#### MATERIAL SHOWN
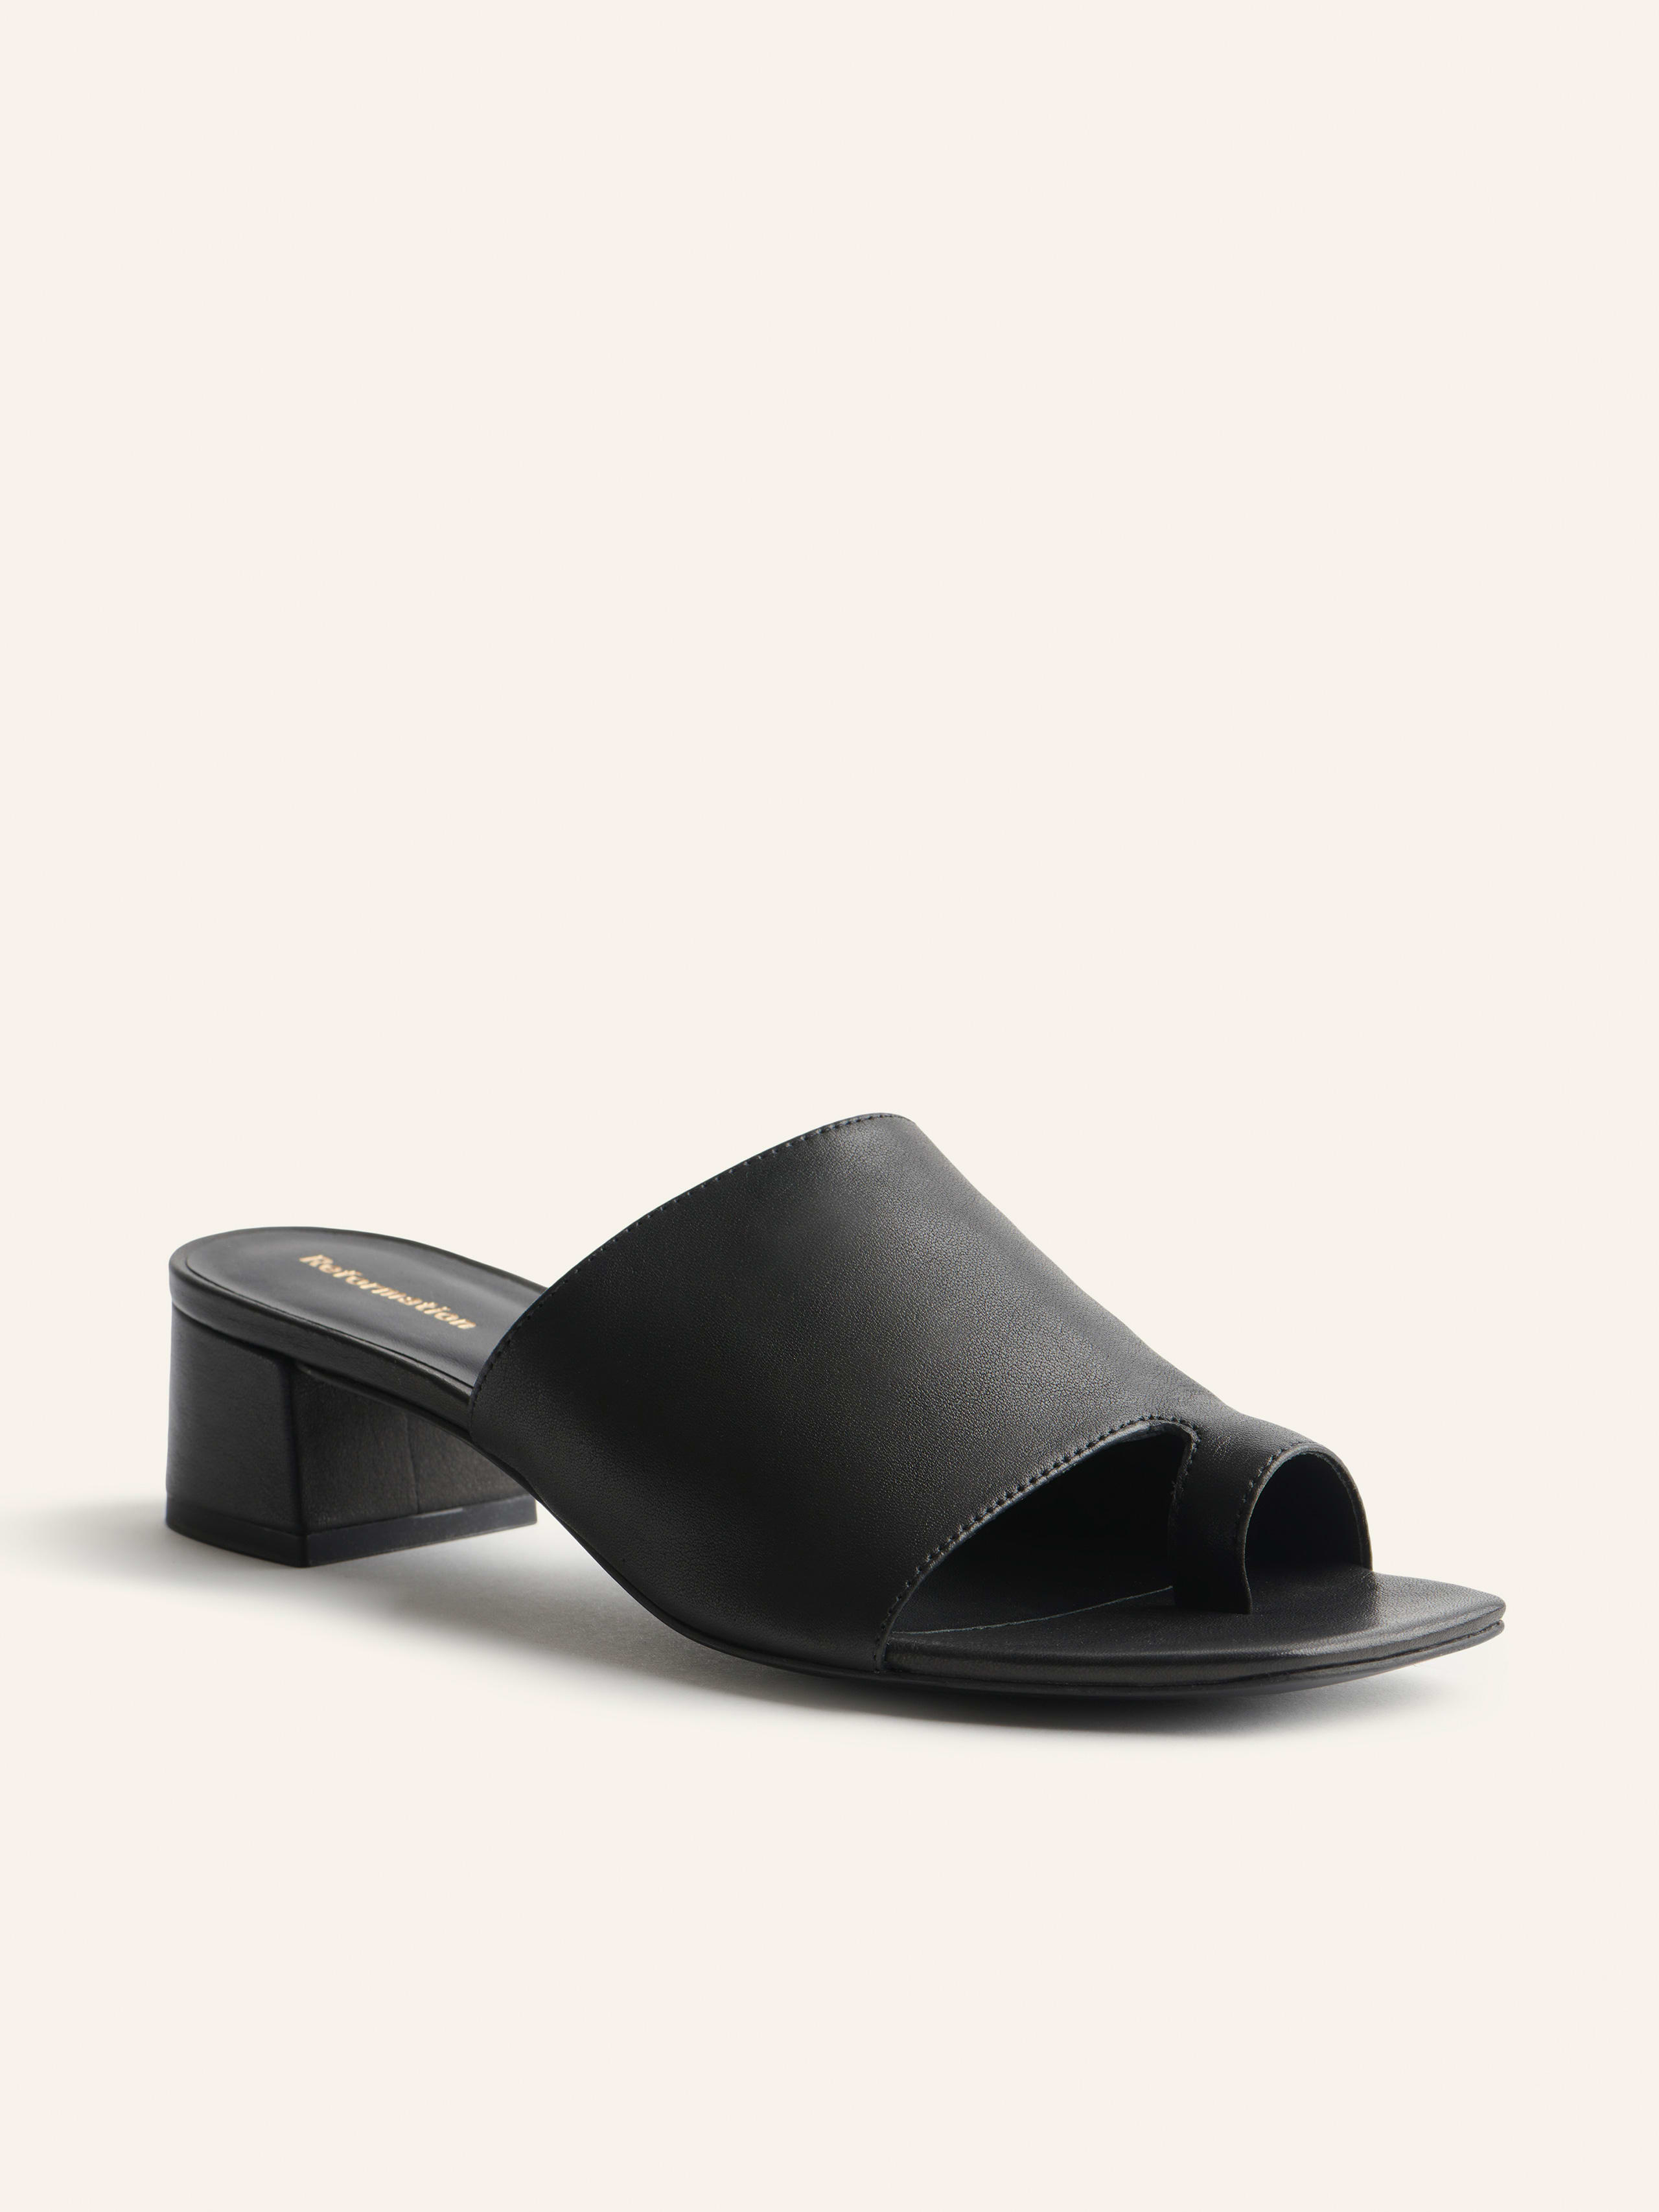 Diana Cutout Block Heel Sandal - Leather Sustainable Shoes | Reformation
########
#### MATERIAL SHOWN
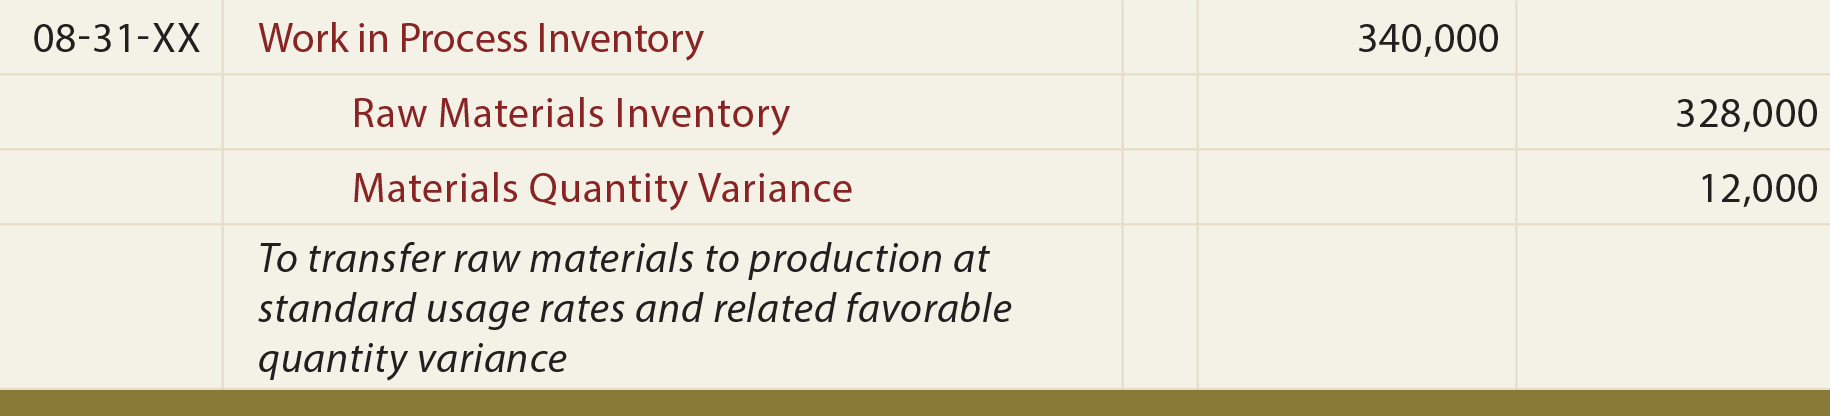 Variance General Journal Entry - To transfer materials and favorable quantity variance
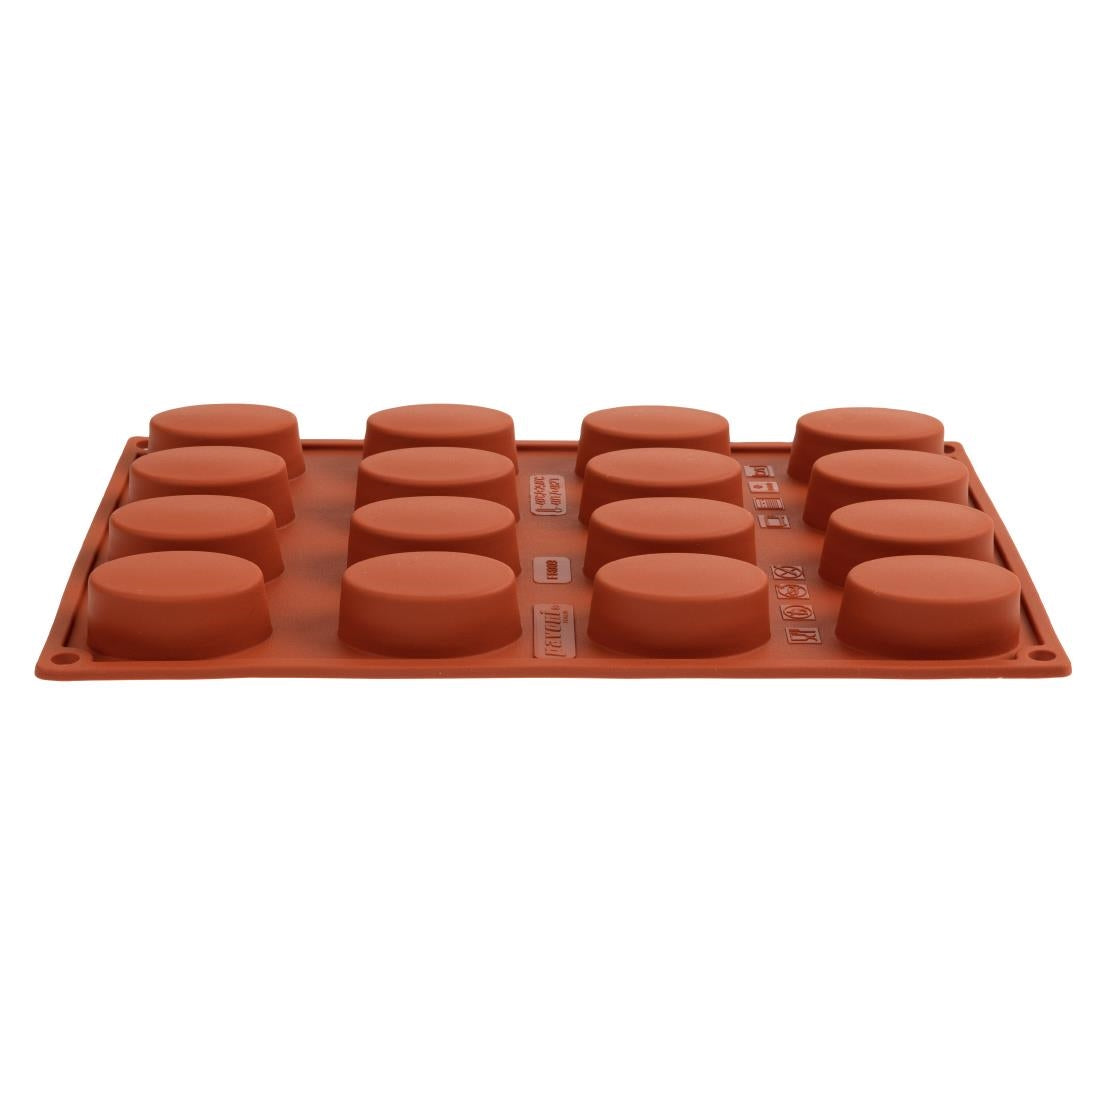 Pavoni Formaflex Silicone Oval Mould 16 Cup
########
TASK:
Range to copy from the records above: the line containing "Variance General Journal" to the line containing "Pavoni Formaflex Silicone Oval Mould 16 Cup", both included. Output those lines exactly and only those, skipping pictures.

RESPONSE AREA:
 Variance General Journal Entry - To transfer materials and favorable quantity variance
 Pavoni Formaflex Silicone Oval Mould 16 Cup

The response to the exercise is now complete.